Novo Nordisk expects to submit liraglutide for approval to the FDA in 2008, with the hope that it will be approved during 2009.

  • Saxagliptin (trade name not yet announced), AstraZeneca and Bristol-Myers Squibb

Saxagliptin, a DPP-4 inhibitor similar to sitagliptin (Januvia, Merck), is currently in phase III trials for once-a-day administration, either as monotherapy initial treatment for diabetes or in combination with metformin, thiazolidinediones, or sulfonylurea. Fred Fiedorek, M.D., VP of cardiovascular and metabolic global clinical research, Bristol-Myers Squibb, said, "We're going to be trying to understand whether it is different from sitagliptin or not. The underlying expectation is that it will be similar in terms of overall efficacy and safety profile."

Explaining why another DPP-4 could be useful, Fiedorek said, "There's a large need for patients with diabetes to have choices to treat their condition. The medicine they start with doesn't necessarily work more than a couple of years.

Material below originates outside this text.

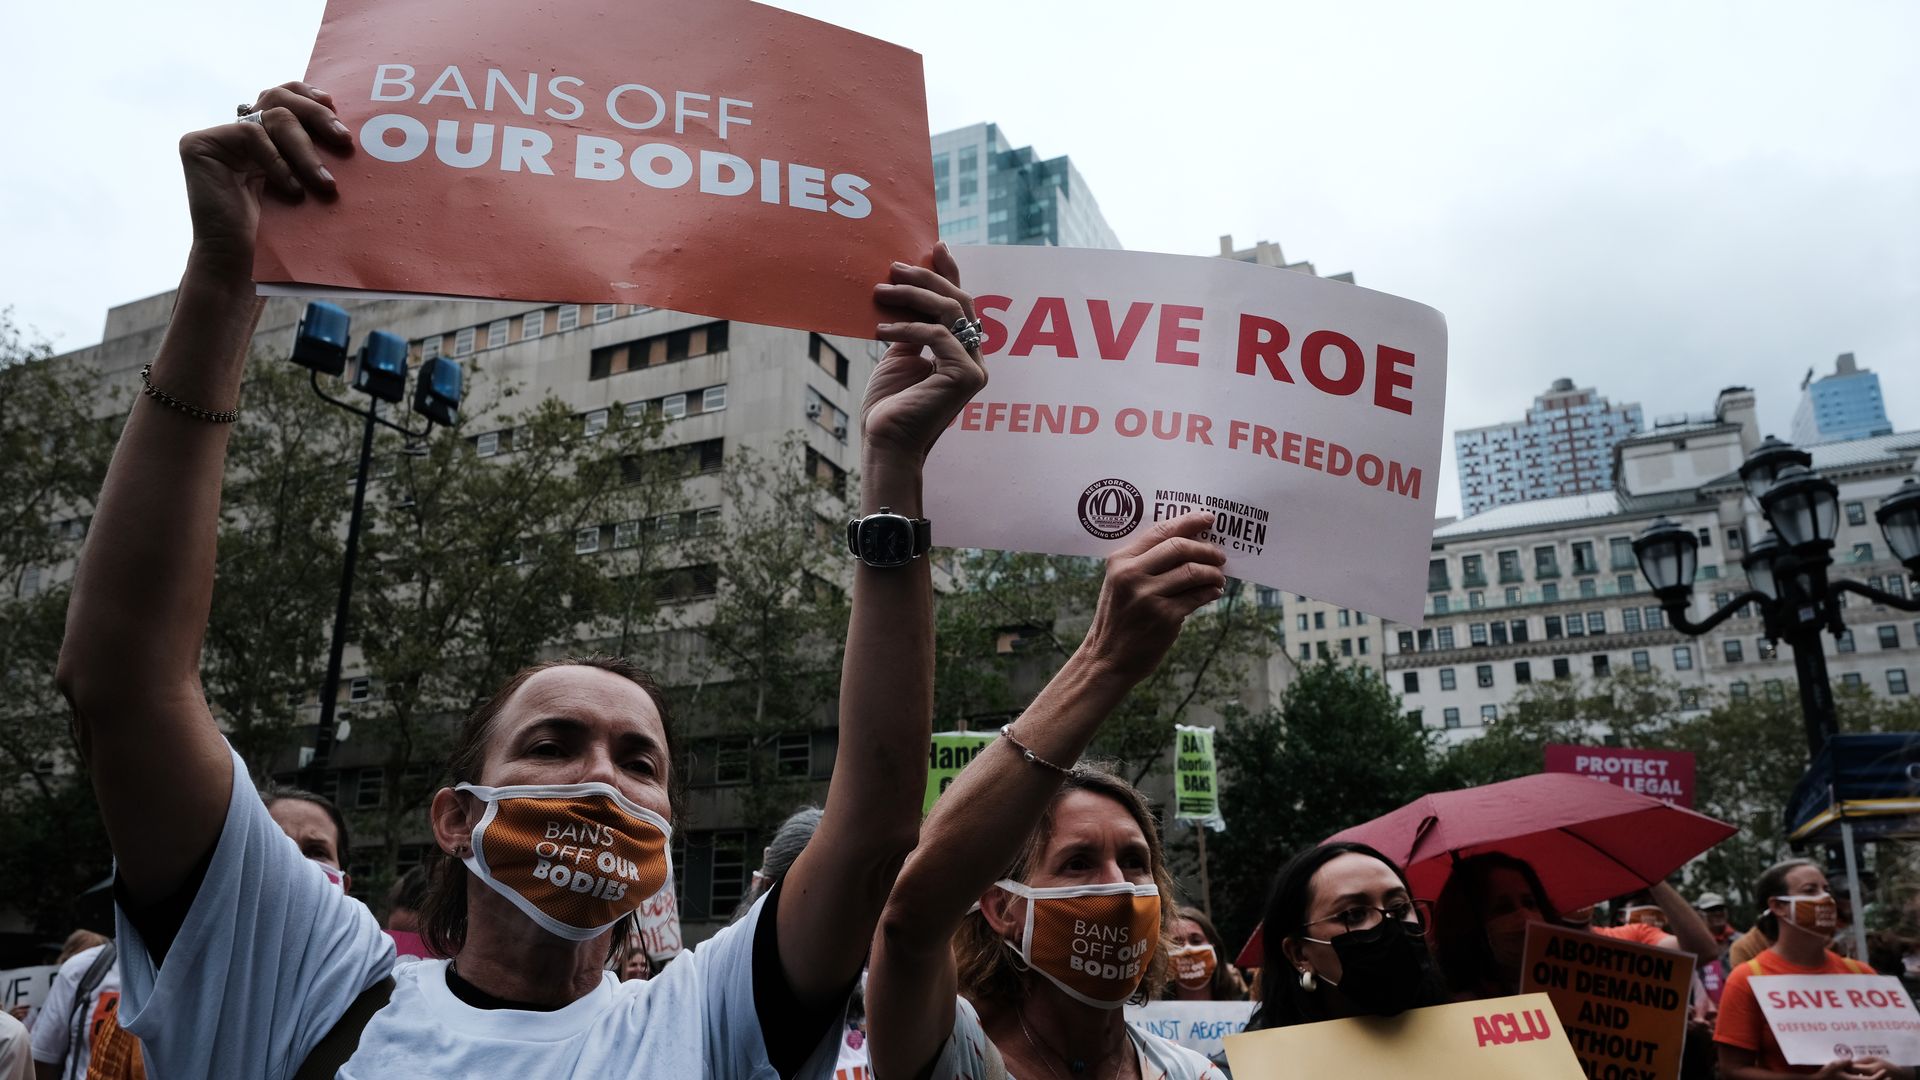 Photo of protesters holding signs that say "Save Roe" and "Bans off our bodies"

They need additional medicines to get under control."

The goal, Fiedorek said, is to have data and be able to file for approval with the FDA the first half of 2008. If all goes well, the drug could be available to patients in 2009.

  • Dapagliflozin (trade name not yet announced), AstraZeneca and Bristol-Myers Squibb

Dapagliflozin is a new-mechanism drug called an SGLT2 inhibitor, or sodium glucose cotransporter 2. It is being studied as a once-daily oral antidiabetic. Dapagliflozin allows the kidney to excrete glucose specifically, so it comes out in the urine and is not reabsorbed in the blood; thus, it does not contribute to the hyperglycemia that exists in diabetes.

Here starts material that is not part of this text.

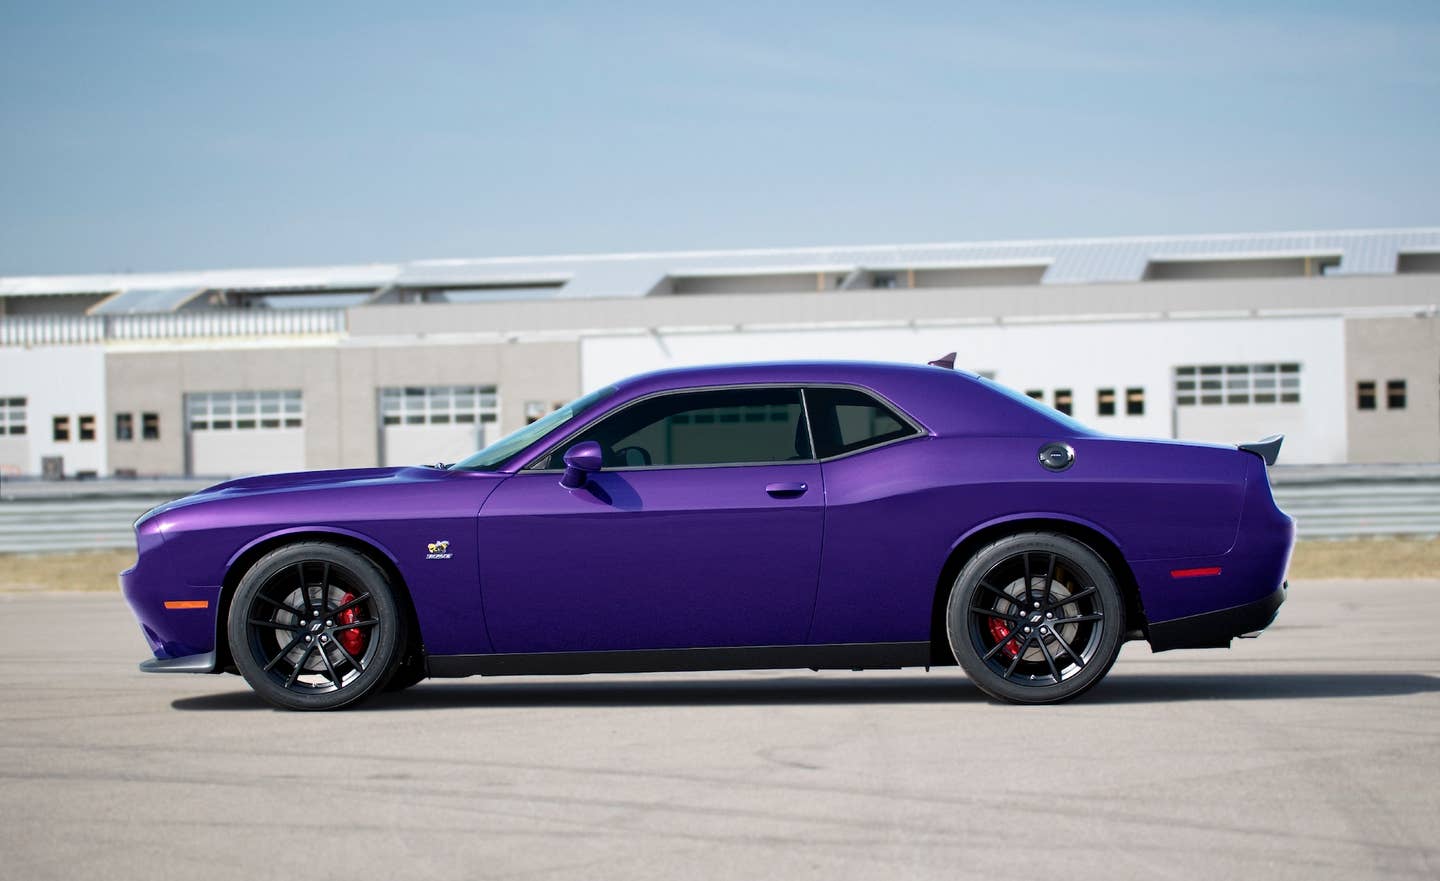 The 2023 Dodge Challenger and Dodge Charger lineup will pay homage to the muscle car pair with seven special models, the return of a rainbow of heritage colors (including Plum Crazy, shown here on the 2023 Dodge Challenger R/T Scat Pack 1320), an expansion of SRT Jailbreak models, a commemorative “Last Call” underhood plaque for all 2023 Charger and Challenger vehicles and a new, customer-focused vehicle allocation process.

Although glucose is normally filtered by the kidney, nearly all of it is reabsorbed in the proximal tubule by SGLT2, which is located almost exclusively in the kidney. For patients with diabetes, retention of excess glucose by this pathway contributes to persistent high blood glucose levels. Research in animal models indicates that modifying this glucose absorption with SGLT2 inhibition reduces blood glucose independent of insulin secretion or action. "So we're going to tell people that it's beneficial to lose sugar in their urine with dapagliflozin," Fiedorek said. "It's actually the kidneys acting as a spigot or release valve for glucose."

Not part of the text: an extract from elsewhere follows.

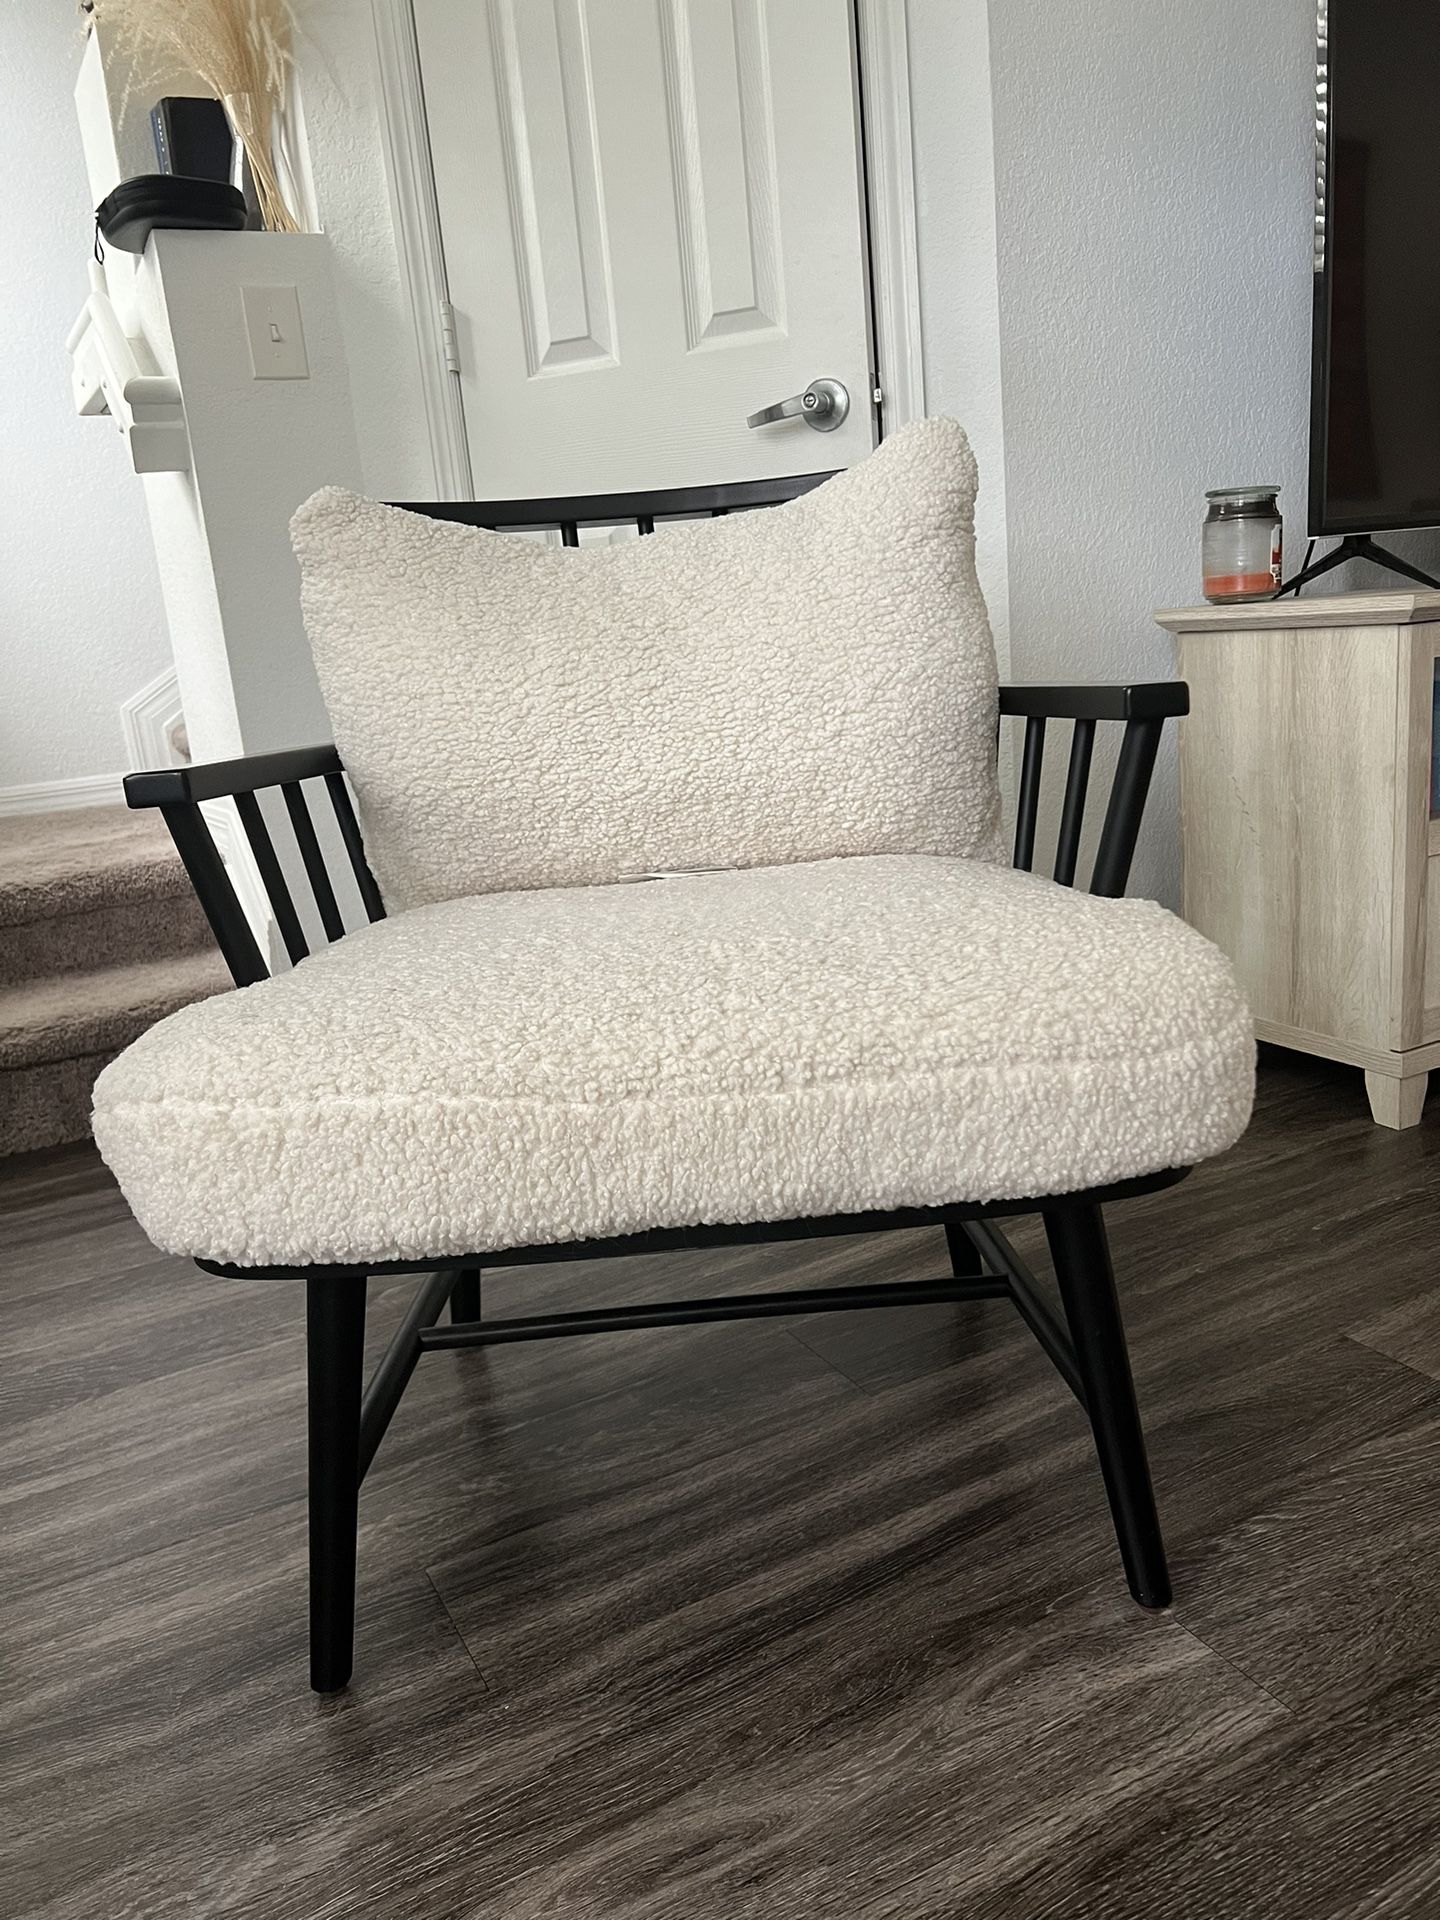 Wooden Accent Chair With Plush Seating

Because glucose represents calories, its release through the kidneys may help to improve a diabetes patient's problems with weight, Fiedorek added. "It's actually causing patients to lose calories when that glucose is released," said Fiedorek. Phase III trials, which are just beginning, will test not only improvements for blood sugar control but also participants' weight during the course of the trial. "If you calculate the amount of glucose loss that we've been seeing in the urine on a daily basis, it's thermodynamically equivalent to about the same caloric loss as if you spent 30 minutes a day on an exercise bike," explained Fiedorek. Another important feature of dapagliflozin, he said, is that it does not depend on insulin itself. "So we're excited about the possibilities of combining this medicine with existing diabetes medicines that do depend on either insulin release or insulin action."

It's too early to project FDA submission or approval dates for dapagliflozin, but industry reports show approval possible in 2010.

Peering into the crystal ball

Scientists continue to work in the obesity area along with diabetes control. "From a physiological perspective, there's no question that they're connected," Moses said.

Added Fiedorek, "What we're trying to do—all of us in pharmaceutical companies and biotech companies—is develop treatments that will allow patients to have real choices to treat their disease. [Pipeline] drugs are going to be pieces of the armamentarium that doctors can use to treat diabetes. But treatment that will eventually reverse the disease completely is far off, I think."

 

THE AUTHOR is a writer based in New Hampshire.